Usually when you can chase the other team's starter, it's a pretty good sign you've got a shot at a win. But by this point, the Halos were still down 4-2. They eventually turned that around in the sixth to make it 5-4 in an inning that saw the dubiously hired Josh Hamilton make his lone contribution, a sac fly to tie the game.

So the end of hope. The Angels held the A's at bay through two outs of the seventh, with Scott Downs — who has been dreadful this year, mostly — posting a very respectable inning, to give way to Kevin Jepson, who had been doing fairly well. As it happened, that was a horrible mistake, for as the Register's Jeff Fletcher tweeted, pinch hitter John Jaso hits righties better over his career by about .250 points of OBP (.789 vs. .539). While it wasn't exactly predictable that Jaso would homer, he did, and so, later, did Brandon Moss, who uncharacteristically hit 21 last year.

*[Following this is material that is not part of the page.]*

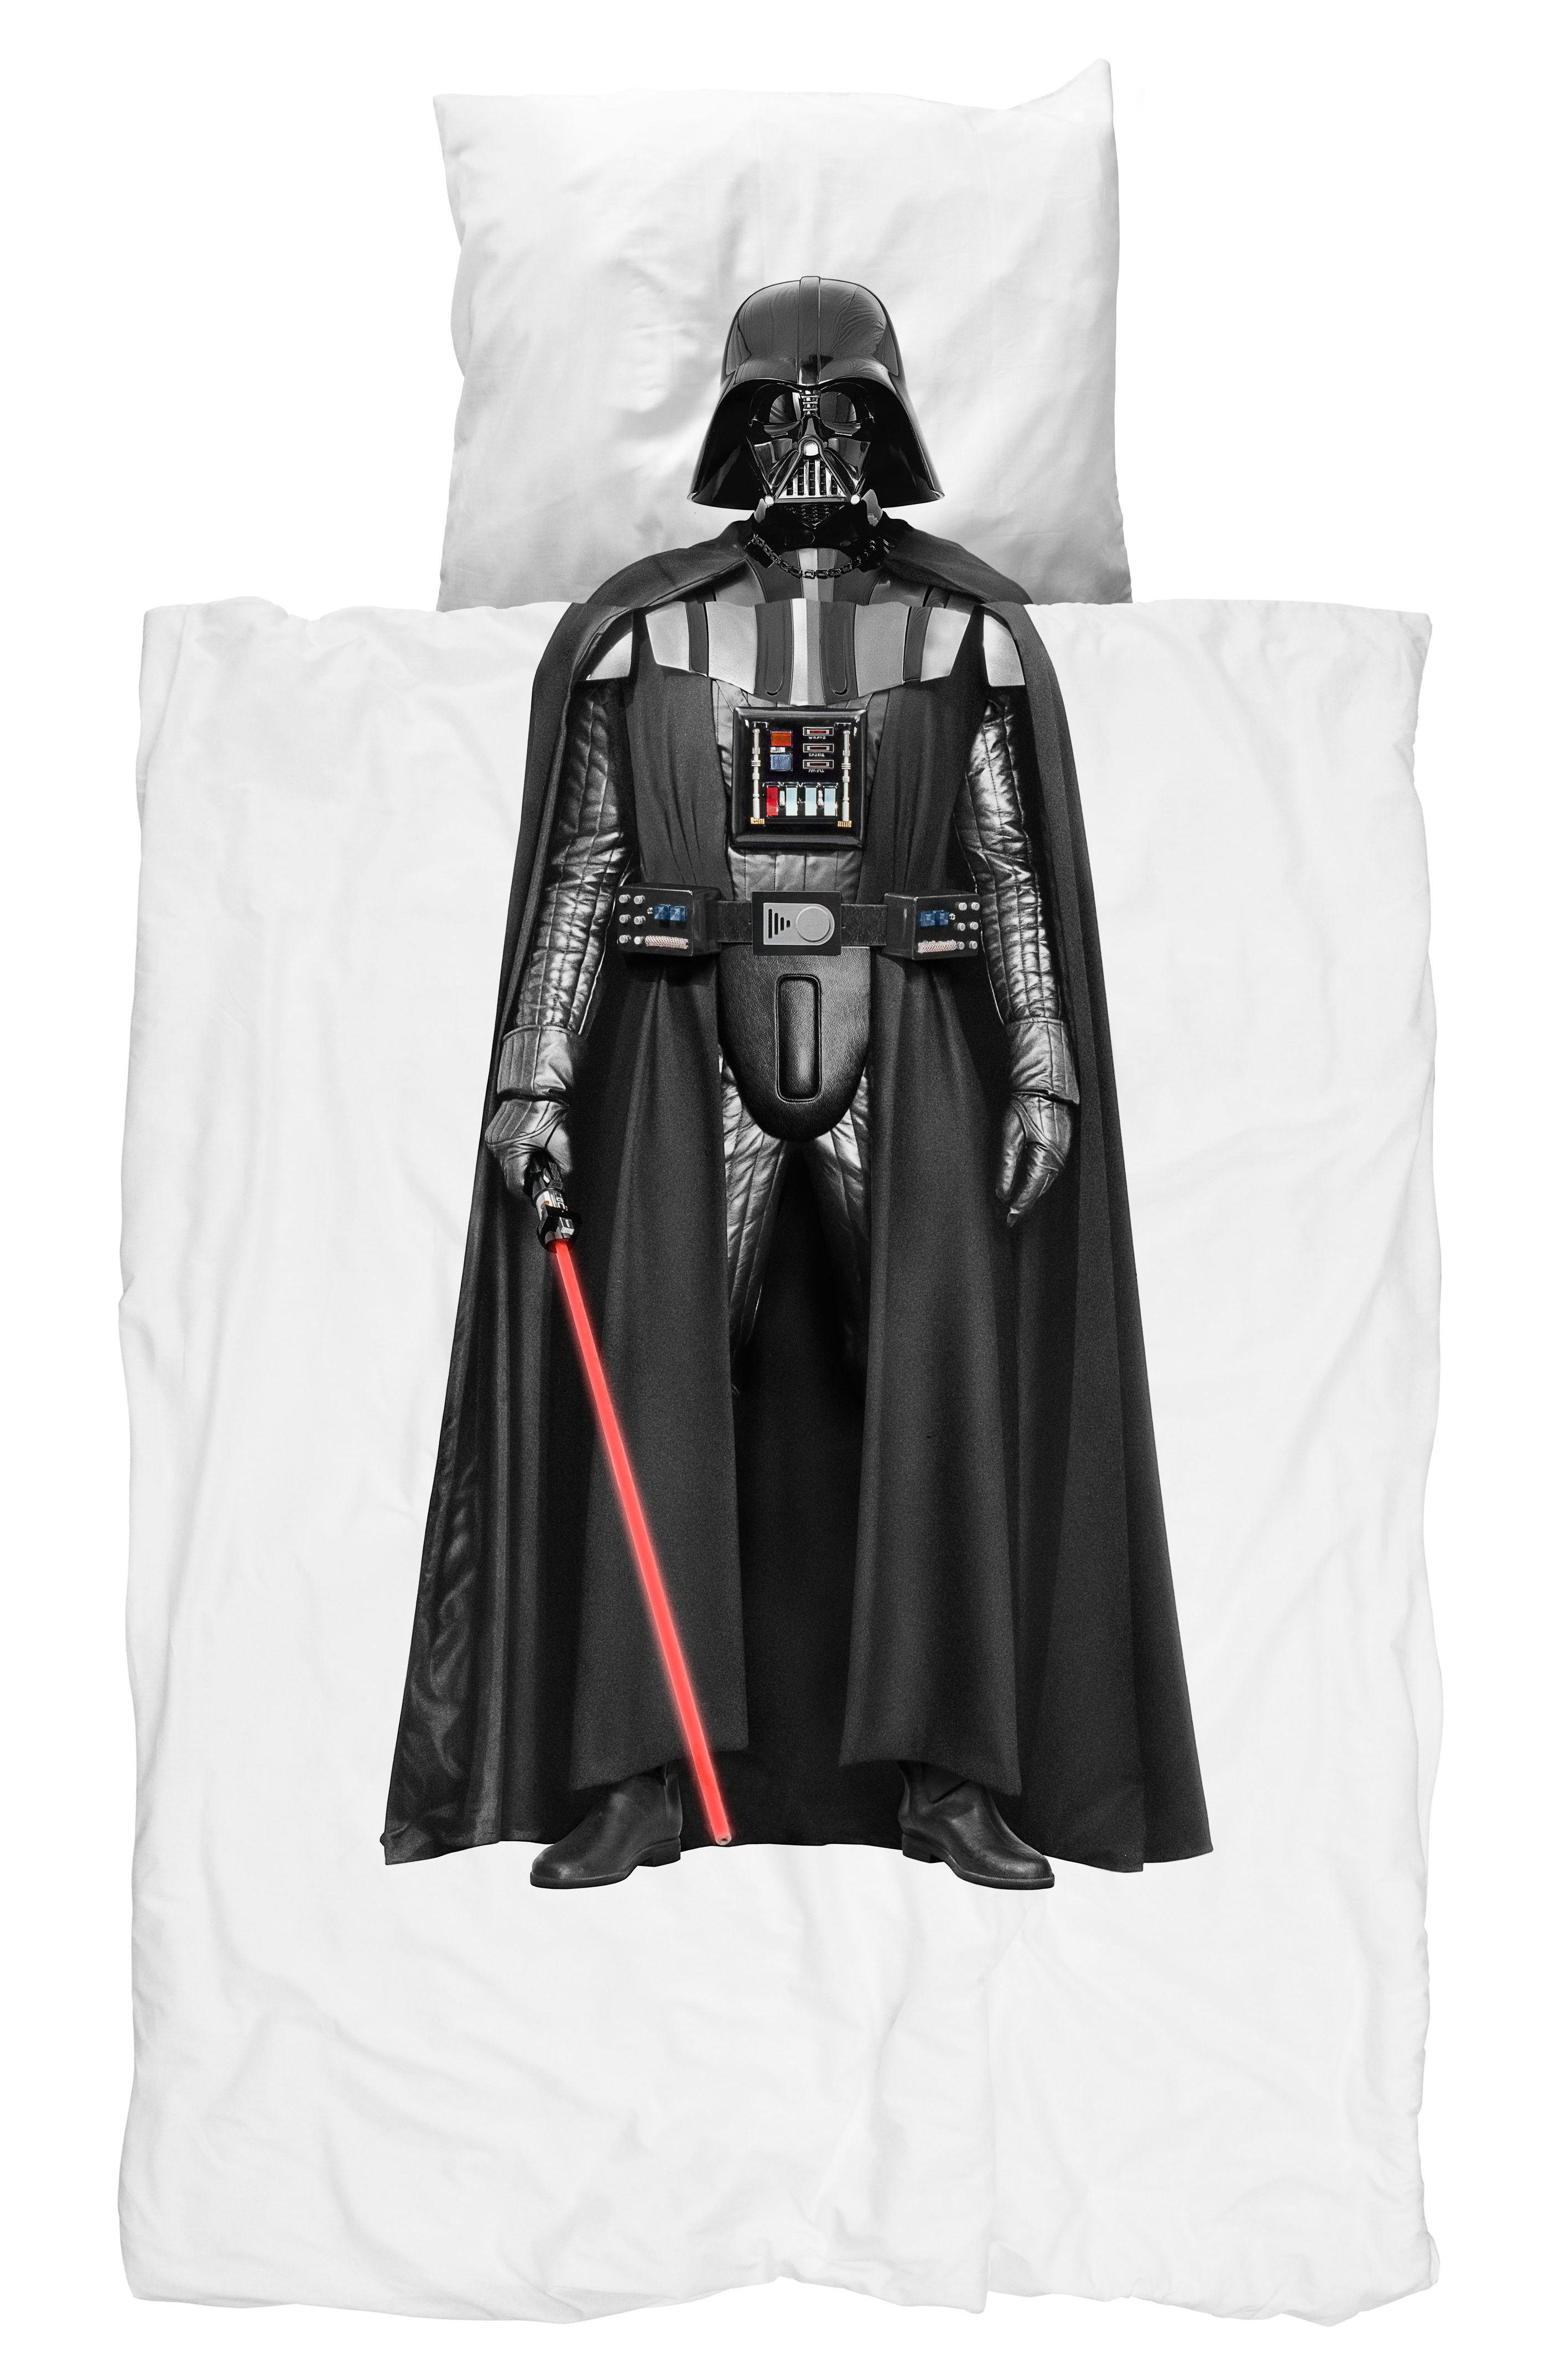 parure de lit 1 personne star wars dark vador 140 x 200 cm edition limit e dark vador snurk. Black Bedroom Furniture Sets. Home Design Ideas

A lesson, perhaps made starker by the enthusiastic boos that accompanied Jepson when he slunk back into the dugout after finally retiring DH Nate Freiman, four batters after his entrance into the game.

The game featured a mess in the offense, too, as the Angels stranded thirteen base runners, and headliner Josh Hamilton went 0-for-4 with a sac fly as duly noted before. Not a propitious start for the homestand, or the season. It is the sort of thing that makes you wonder whether the owner can be fired.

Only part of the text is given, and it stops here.